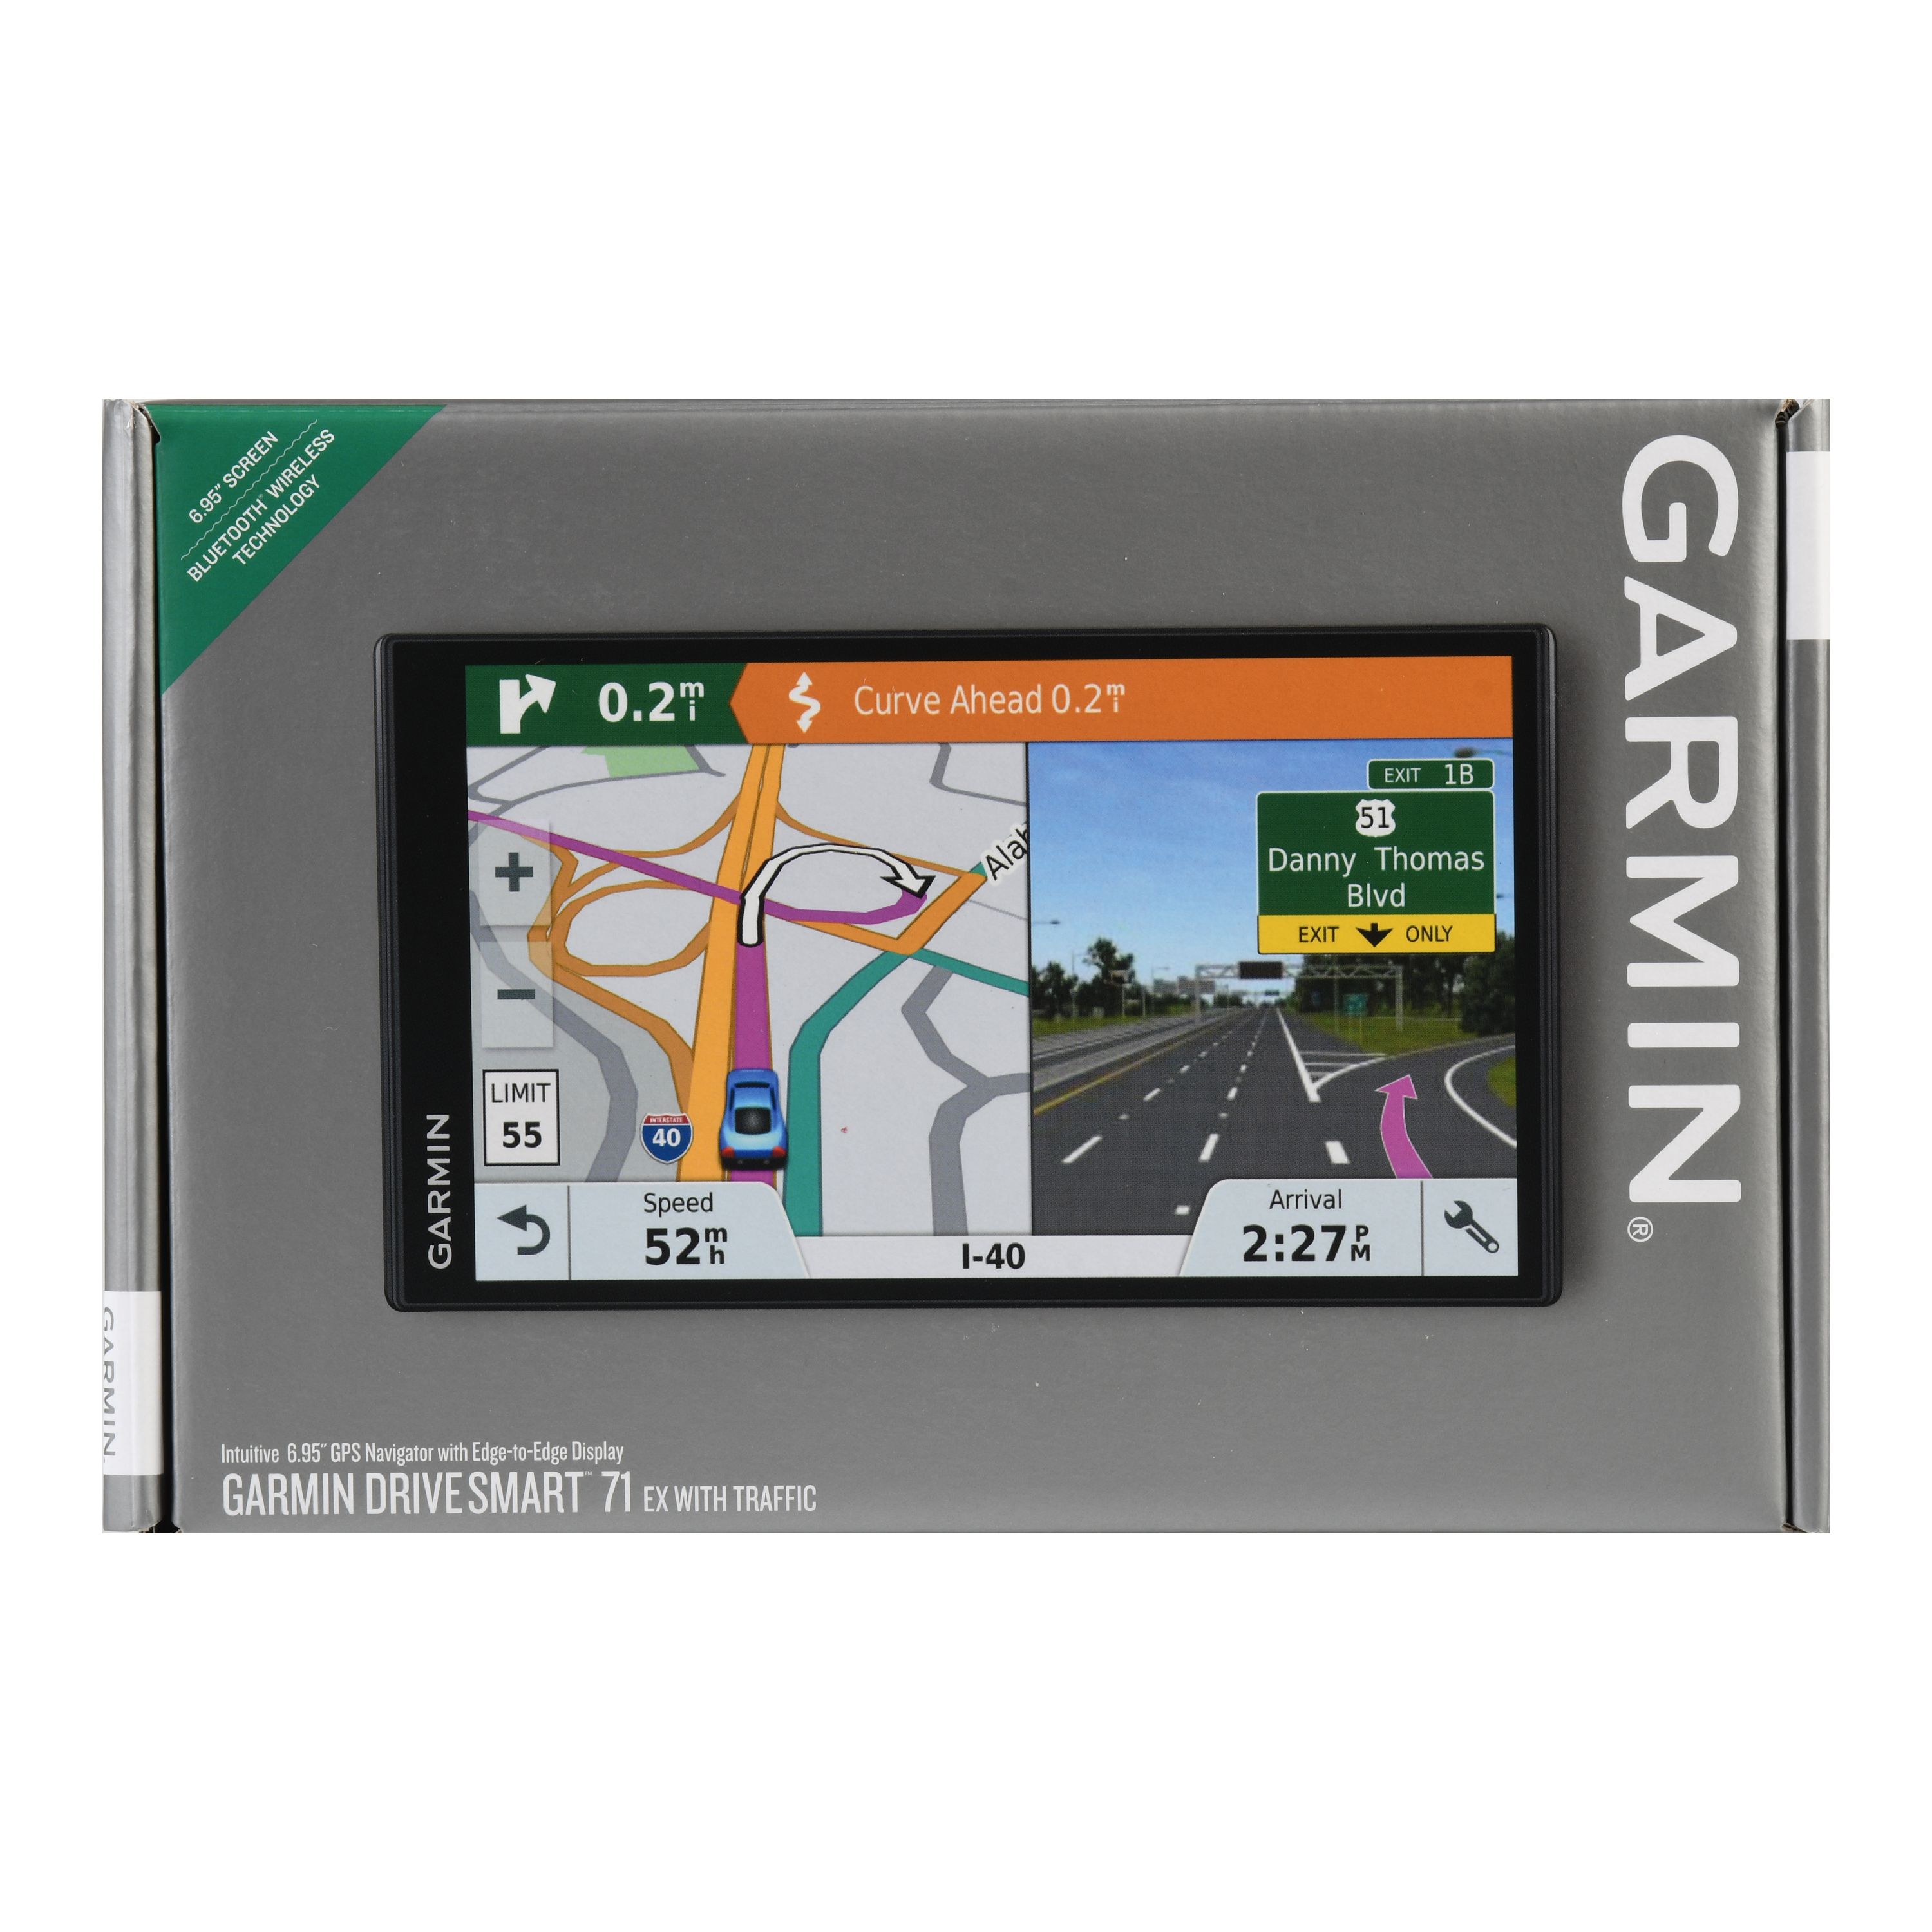 Garmin DriveSmart 71 with traffic EX - image 5 of 7
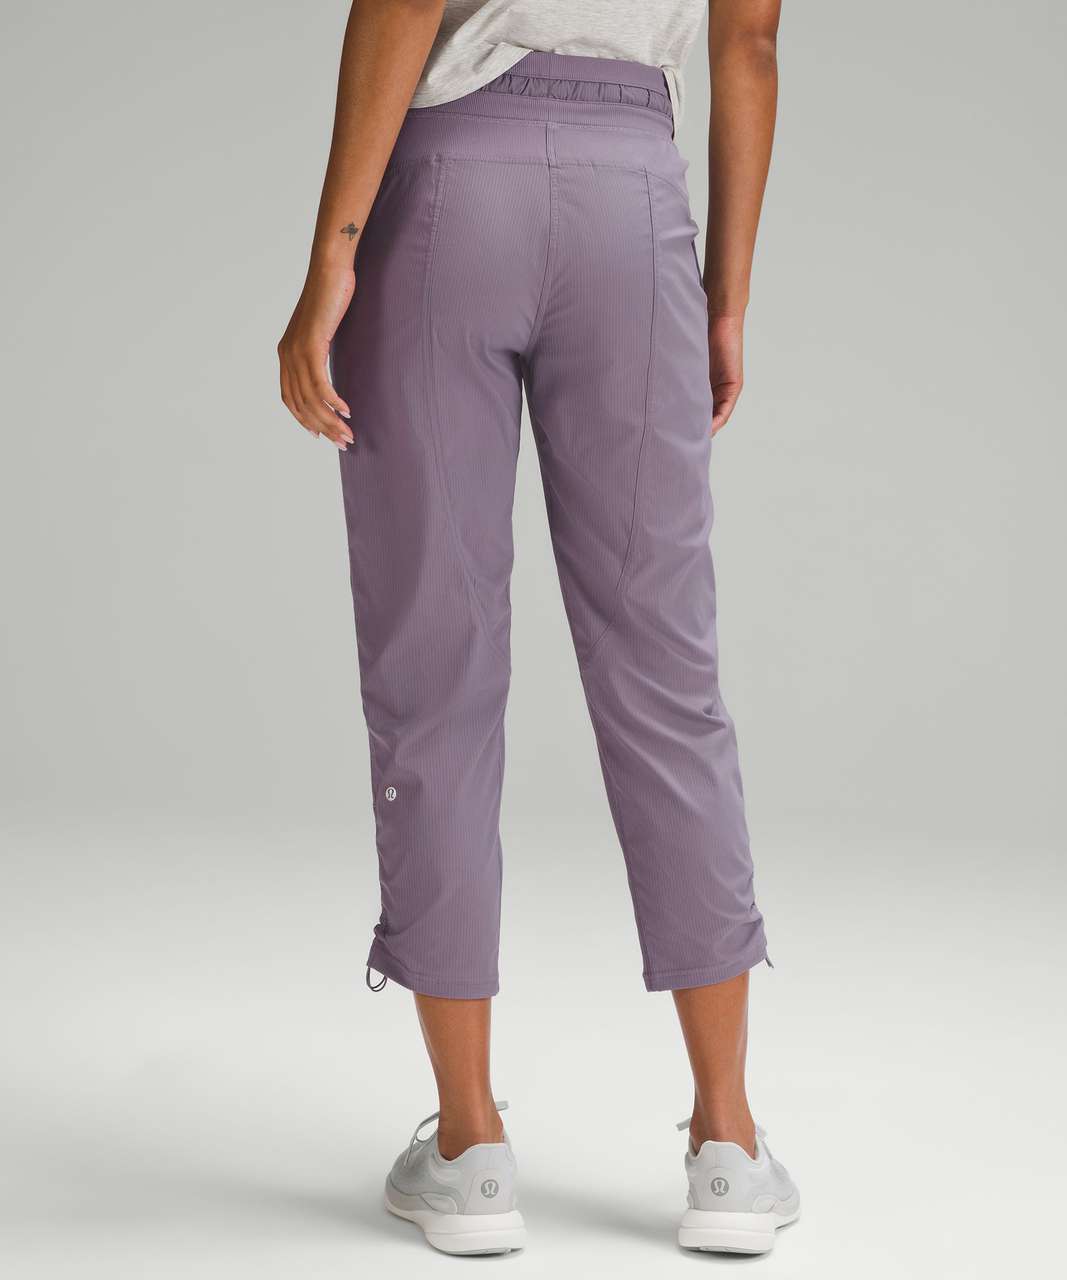 Lululemon Purple Plum Dance Studio Pants Women's Size 6 Yoga
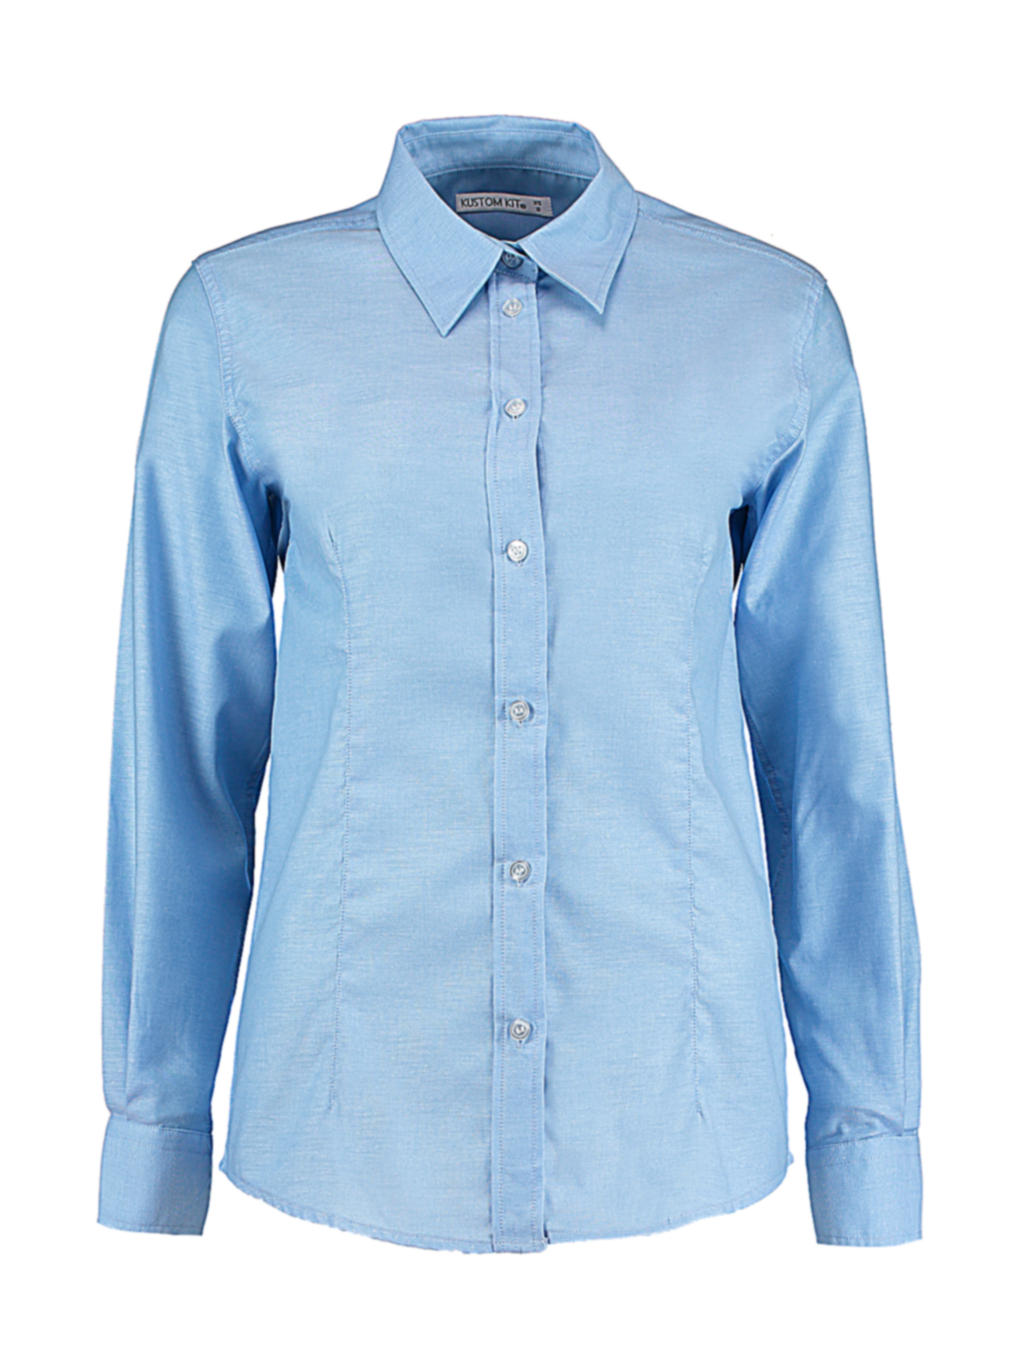 Blúzka Workwear Oxford s dlhými rukávmi - light blue
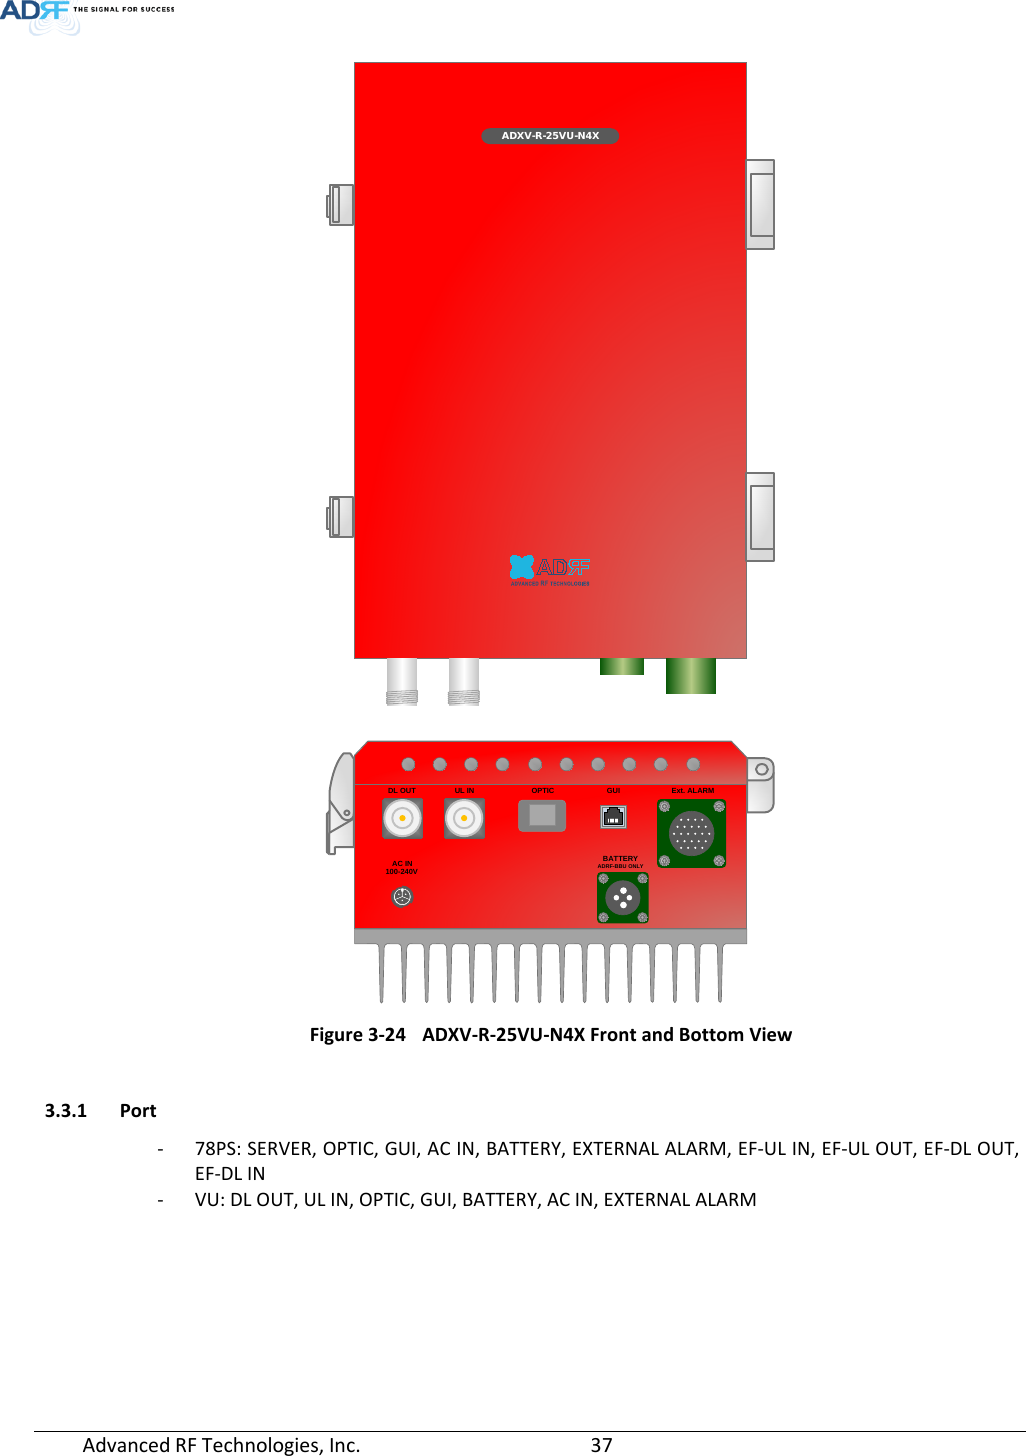 Page 37 of ADRF KOREA ADXV-R-336 DAS (Distributed Antenna System) User Manual ADXV DAS

The problem
Each line of the data must be transcribed exactly; pictures are not carried over.

Solution to this problem
 Garmin DriveSmart 71 with traffic EX - image 5 of 7
 Lululemon Purple Plum Dance Studio Pants Women's Size 6 Yoga
 Blúzka Workwear Oxford s dlhými rukávmi - light blue
 Page 37 of ADRF KOREA ADXV-R-336 DAS (Distributed Antenna System) User Manual ADXV DAS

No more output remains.